Tom Glaze, Justice, concurring.

St. Paul Reinsurance Co., Inc. argues the federal district court decision of Underwriters at Loyds, London v. Pike, 812 F. Supp. 146 (W.D. Ark. 1993), presents a situation identical to the one now before us, and our court should follow it. Here, as was the case in Pike, the insurer argues that the insured obtained two separate valued policies on the same property, and because the insurable interest is the same in both policies, the insured is able to receive a double recovery or “windfall,” which exceeds the total value of the insurable interest. St. Paul urges there is an inherent risk in overinsuring property, and further suggests that such added risk and possible double recovery can be removed if the insured’s recovery in these circumstances is limited to receiving a pro rata amount from each insurer. Cf. Underwriters at Lloyd’s, London v. Pike, 977 F.2d 1278 (8th Cir. 1992). The insured, Cheryl Irons, on the other hand, counters that she is in no way enriched by the receipt of monies to which she is entitled, and in paying premiums for the two valued policies, insurers St.
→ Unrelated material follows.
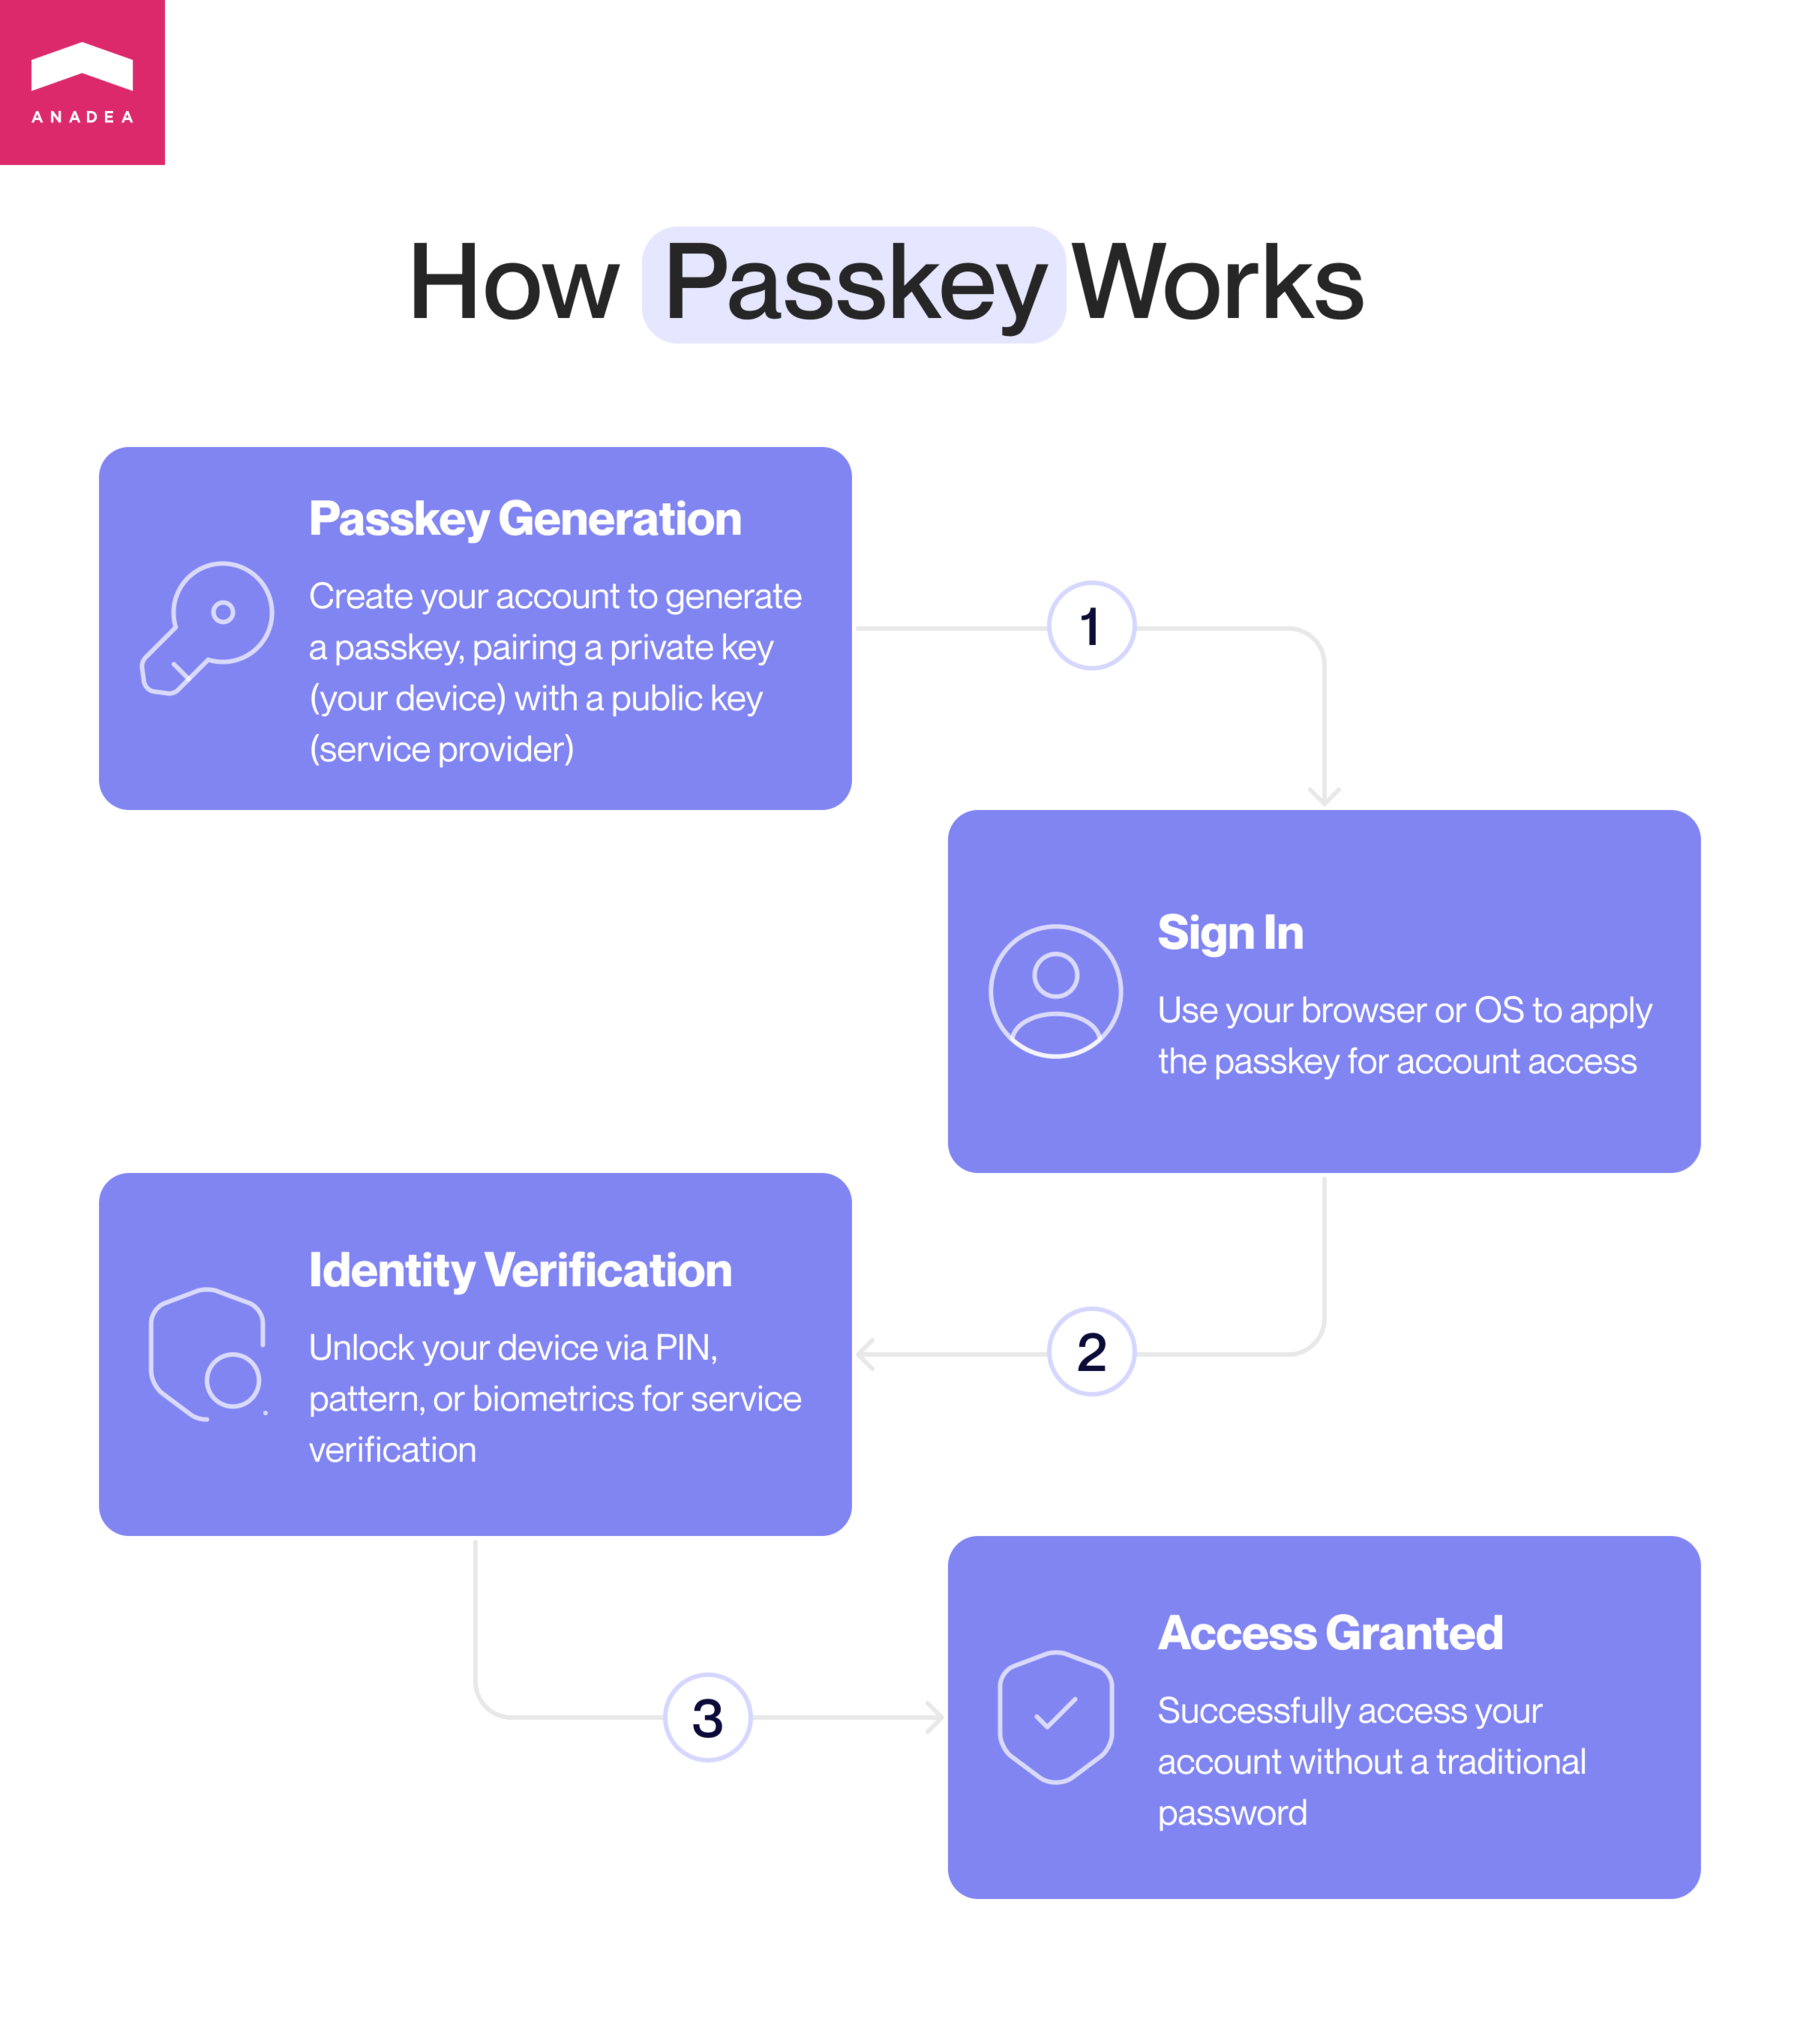 How passkey works step by step

Paul and Gold Star were being paid for the risk they underwrote.

There is no dispute in the instant case that the premiums being paid by the insured, Cheryl Irons, for the two fire insurance policies in issue were based on the policies’ valued amounts, $105,000 (St. Paul) and $80,000 (Gold Star). There is no issue or question raised concerning the value of Irons’s property;1 nor is there any suggestion that fraud played a part in Irons’s loss or claim. At this point, it also seems fair to say that valued policies, such as the ones held by Irons, are issued primarily to avoid potential disputes regarding the value of covered losses. Because Arkansas’ valued-policy statute *195authorizes a liquidated demand against the insurer who takes the risk for the full amount stated in the policy, I agree with the majority opinion that the statute requires full payment under both St. Paul’s and Gold Star’s policies. See 12 Lee R. Russ, Couch on Insurance § 175:106 (3d ed. 1995) (“[u]nder a ‘valued-policy law’ which is meant to fix the measure of damages in case of loss, the aggregate amount of insurance written is conclusive as to the value of the property and if there are multiple insurers, each is hable to the full amount of the policy”).
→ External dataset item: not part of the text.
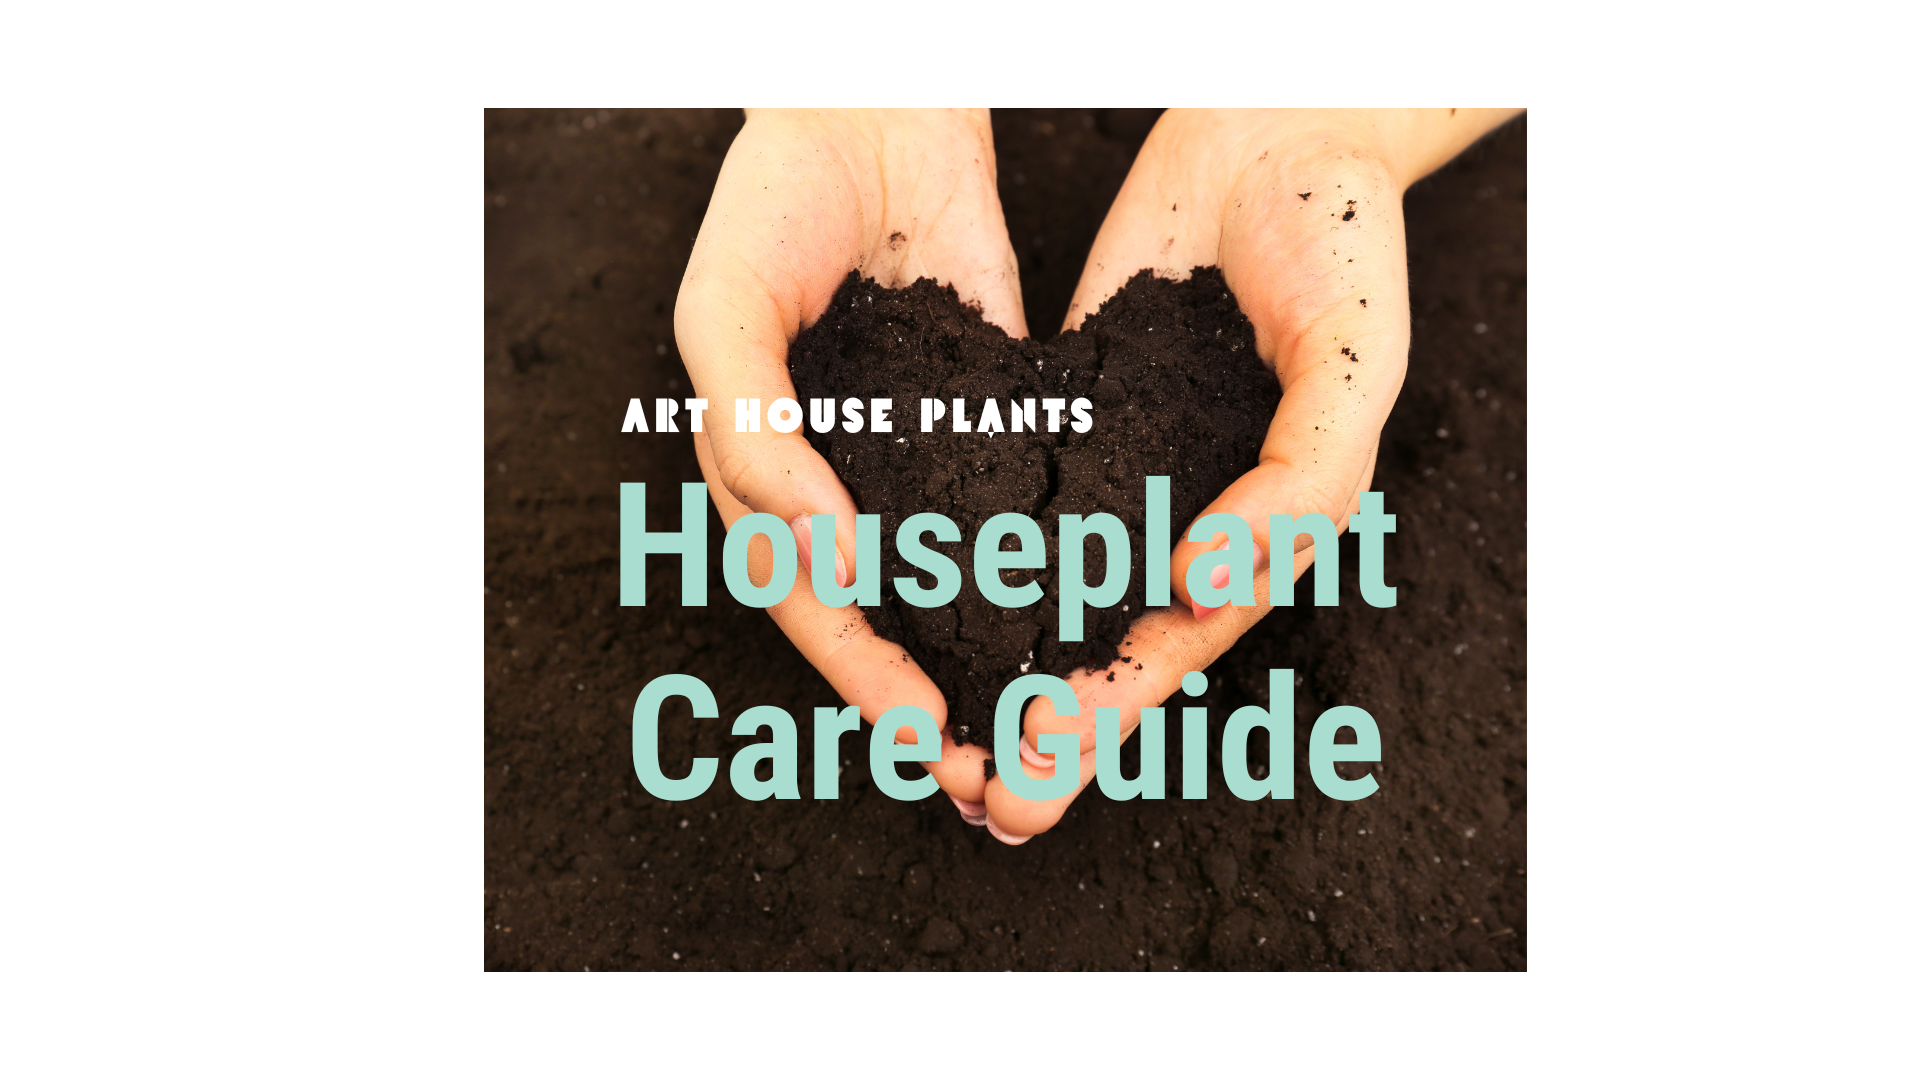 hand holding dirt in shape of heart, title "Houseplant Care Guide" by Art House Plants

If an insurer is concerned that an insured’s recovery under two or more policies could lead to abuses where double recovery might result, nothing precludes an insurer from asking the applicant seeking fire insurance whether the insured has (or intends to obtain) other insurance coverage on the same insurable risk. Cf. Pike, 977 F.2d at 1279. Moreover, when such insurance is renewed, it is a simple matter to again inquire of the insured if he or she has obtained (or intends to obtain) other insurance. Obviously, if the insured answers yes, the insurer can then decide if it still wishes to underwrite the insured’s property risk. If an insured answers no, but later is shown to have acquired a second policy, the insurer can deny coverage and payment because of the insured’s misrepresentation.

In short, I fail to see the potential abuses foreseen by the federal district court in Pike and now forecast by the insurer St. Paul. As far as the interplay between the valued-policy law and a pro rata clause in a fire policy, the stated valuation in the policy controls in the absence of a showing of fraud, misrepresentation, collusion, mistake or criminal conduct on the insured’s part. See Tedford v. Security State Farm Ins. Co., 224 Ark. 1047, 278 S.W.2d 89 (1955); see also 12 Lee R. Russ, Couch on Insurance § 175:106 (3d ed. 1995) (“an exception to the valued-policy law applies, and the insurers are entitled to prorate payment under the policies’ ‘other insurance’ clauses, where the policies have been purchased from separate companies and the existence of such purchase was not disclosed to the insurers issuing such policies”). In any event, the remedy St. Paul now seeks from this court is clearly not one that may be extended and can only be authorized by the General Assembly. Id. at 1050-1051.